Work to be completed:
Beginning at the line that holds "Cisco Systems uBR10-LCP2-MC28C" and continuing to the last line of the data below, transcribe every line word for word, without pictures.

Data:
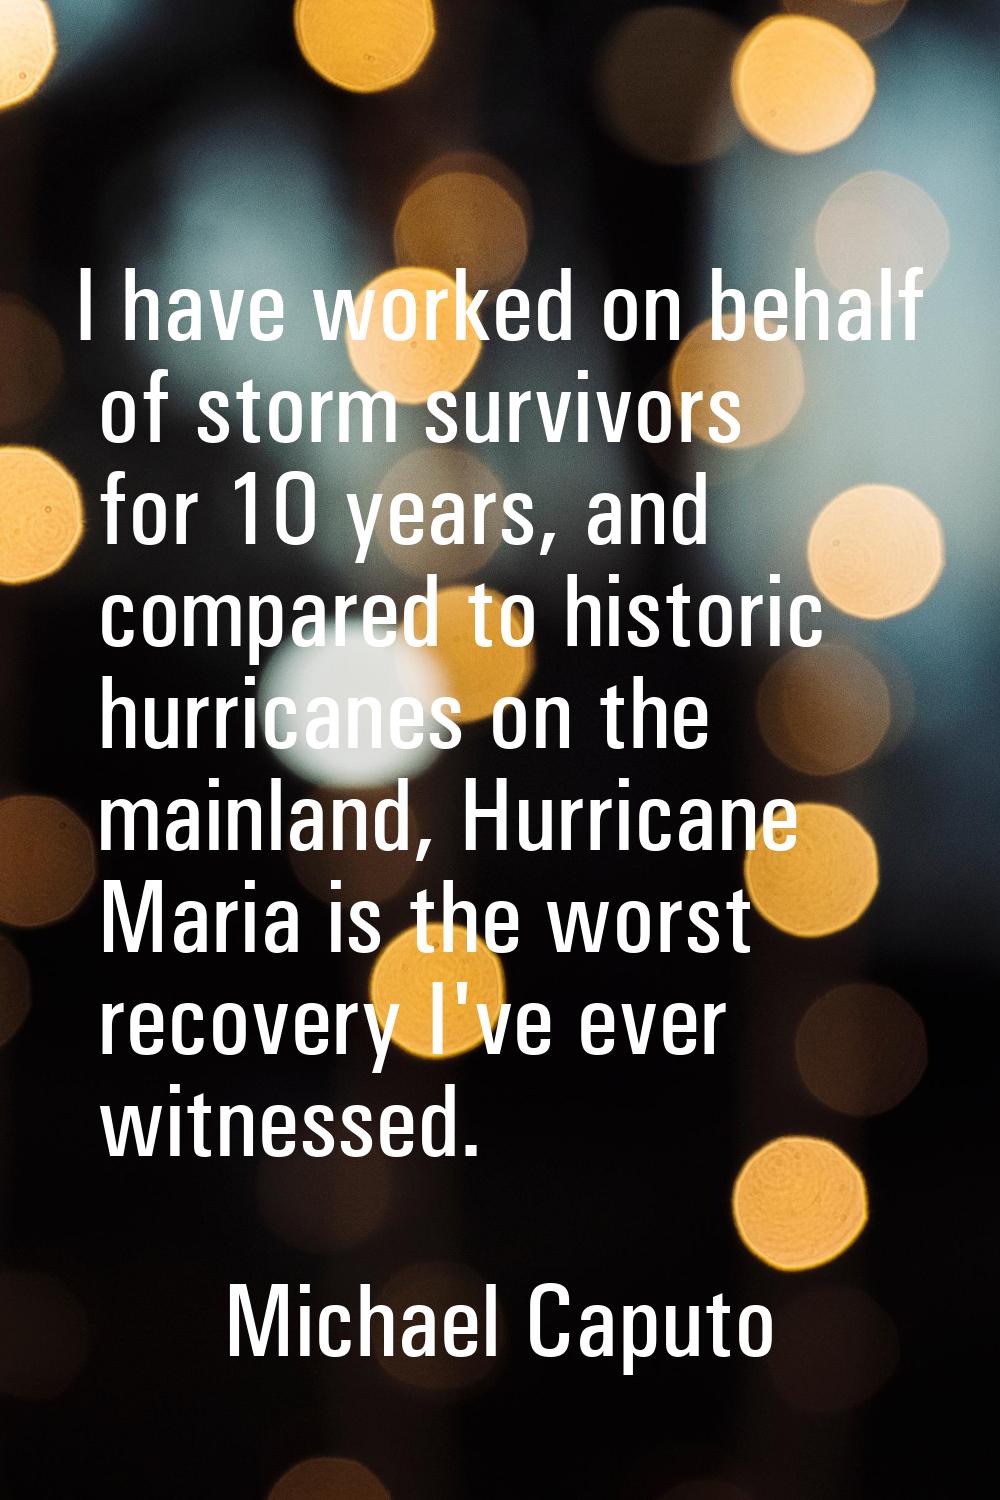 I have worked on behalf of storm survivors for 10 years, and compared to historic hurricanes on the
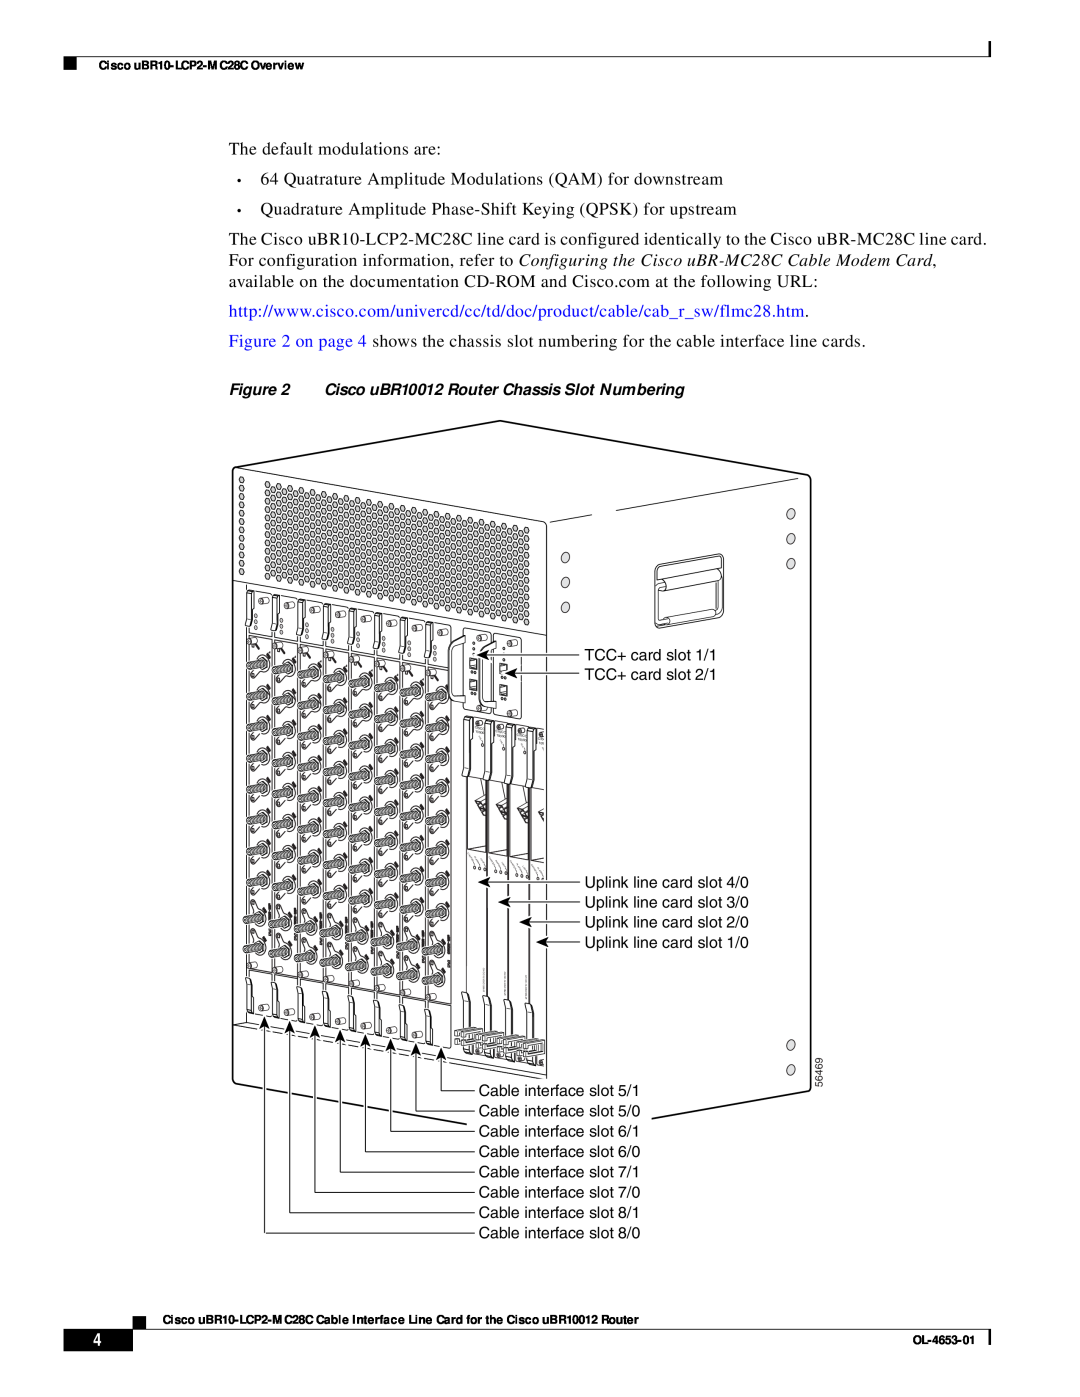 Cisco Systems uBR10-LCP2-MC28C manual The default modulations are 
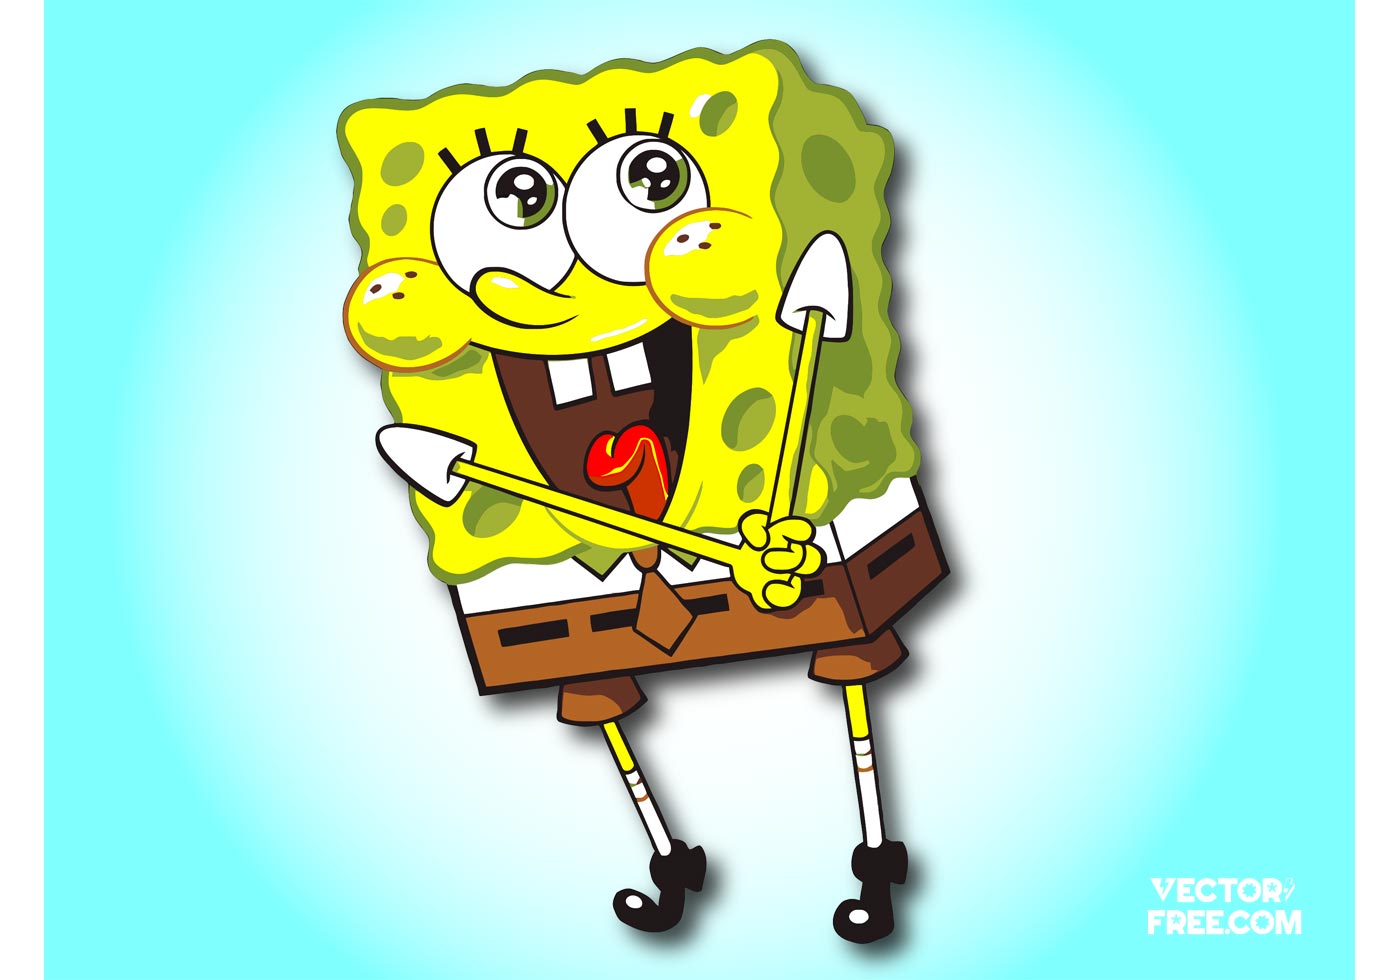 about spongebob character pdf download

Problem solution:
 Cisco Systems uBR10-LCP2-MC28C manual The default modulations are 
 about spongebob character pdf download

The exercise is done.